Worship as Spiritual Discipline
We are a people who want things quickly and easily. We have moved from dial-up internet to immediate access to the world’s information in our pockets. We grow impatient when our devices lag, embrace the microwave and the instant pot, and prefer low-cost, low-risk digital communication to embodied interaction. Unsurprisingly, these habits shape not only our expectations of life but also our expectations of the Christian life.
This impatience shows itself spiritually. We want fruit without cultivation, the crown without the cross, the outcome without obedience. Yet Scripture repeatedly reminds us that growth in godliness ordinarily comes through means—through practices that require time, attention, and perseverance.
Spiritual disciplines have often been described as habits of devotion: routine, intentional practices by which our wandering hearts are fixed upon our blessed Savior. They are not ends in themselves but God-appointed means by which we know, love, and walk with the God who says, “I will be your God, and you shall be my people.”
When we think of spiritual disciplines, we readily name Scripture reading, prayer, fasting, or generosity. Worship, however, often escapes that list—and for understandable reasons. Worship seems instinctive, even inevitable. Why would something so obvious require discipline?

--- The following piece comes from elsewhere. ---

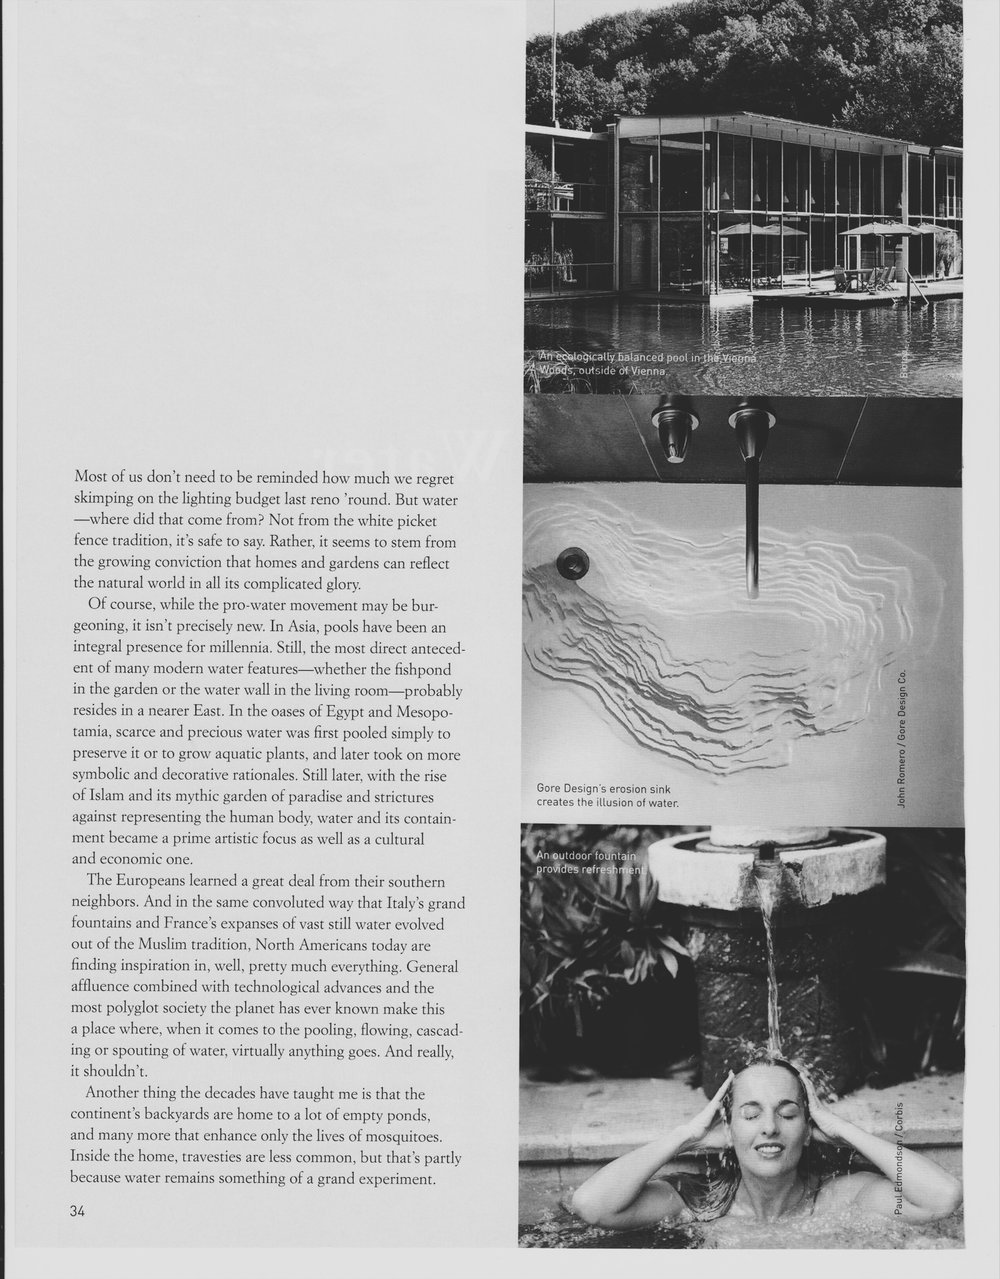 brandon-gore-print-publications-concrete-7086.JPG
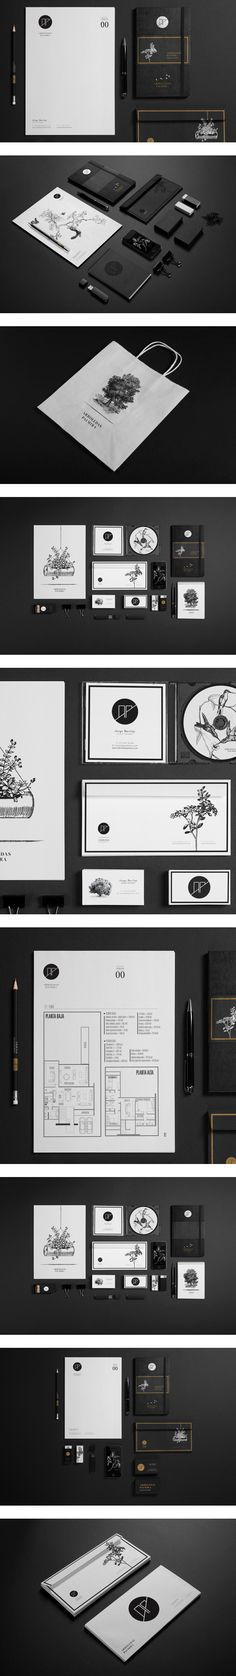 AP by Diego Leyva, via Behance | #stationary #corporate #design #corporatedesign

Isaiah 6 helps us see why.
“In the year that King Uzziah died I saw the Lord sitting upon a throne, high and lifted up; and the train of his robe filled the temple. Above him stood the seraphim… And one called to another and said:
‘Holy, holy, holy is the LORD of hosts;
the whole earth is full of his glory!’” (Isa. 6:1–3)
When Dorothy and her companions pull back the curtain on the “great and powerful Oz,” they discover someone far less imposing than expected. Isaiah’s experience is the opposite. When the curtain is pulled back, God is revealed as infinitely more glorious, more terrifying, more holy than Isaiah imagined.
The thrice-holy song of the seraphim is not merely a statement of God’s moral purity but of his utter transcendence. The Lord is wholly other, exalted above creation, worthy of unending praise. Worship, then, is not about location, as the Samaritan woman assumed (John 4), nor about external performance, as the Pharisees believed (Mark 7). Nor is worship something God commands because he lacks anything. Our worship adds nothing to his glory and our neglect subtracts nothing from it.
God commands worship because it is for our good. We were created for his glory (Isa. 43:7), and it is an act of grace that he summons us to recognize what is already true: the Lord reigns.
So why does worship require discipline?
If I were forced into a tiger cage, I would not need discipline guiding me to not saddle the tiger and attempt to ride it. The danger would be obvious. If the God of Isaiah 6 reigns from his throne, attended by seraphim who veil themselves in his presence, why would we need discipline to worship him?
The answer reveals more about our hearts than about God.
We need discipline because we often live in “the year that King Uzziah died.” Uzziah’s long reign had brought stability and prosperity to Judah. His death ushered in uncertainty and fear. When our own sense of security erodes—through strained relationships, vocational instability, suffering, or loss—our instinct is not always worship but complaint. Our attention turns inward. The immediate eclipses the eternal.
In such moments, worship does not feel natural. It must be remembered. It must be practiced. Discipline is required to lift our eyes again to the throne room of heaven and to remind ourselves who reigns, regardless of earthly upheaval.
Isaiah 6 shows us something even deeper: the discipline of worship is rooted not in human resolve but in divine grace.
“Woe is me! For I am lost; for I am a man of unclean lips… for my eyes have seen the King.” (Isa. 6:5)
True worship begins with confession, not confidence. Isaiah cannot stand in God’s presence apart from atonement. And God himself provides it. A seraph touches Isaiah’s lips with a coal from the altar and declares, “Your guilt is taken away, and your sin atoned for.”
Worship is possible only because God acts first. We do not approach him on the basis of sincerity, emotional intensity, or liturgical precision, but because guilt has been removed and sin atoned for. Under the new covenant, we come not with a coal from the altar but through the finished work of Christ, who has opened the way into God’s presence by his blood.
This truth guards us from making worship about ourselves. Francis Chan recounts a story of a churchgoer who told a pastor, “I didn’t really like the worship today,” to which the pastor replied, “That’s all right—we weren’t worshiping you.” While humorous, the point is serious. Worship is not primarily about what we receive but about whom we adore. We worship in spirit and in truth (John 4:24), according to God’s self-revelation, not our preferences.
The discipline of worship reorients us away from the question, “What did I get out of it?” and toward the far better question, “Was God honored?”
Annie Dillard once observed that Christians often appear insufficiently aware of the power they invoke in worship, suggesting that we should enter church wearing crash helmets rather than straw hats. Her language is vivid, but her concern is biblical. Do we know whom we address? Have we seen behind the curtain?
If we have, then we understand why worship must be practiced with reverence, humility, and perseverance. Do not saddle the tiger. Lift your eyes. Remember the throne. Worship the living God.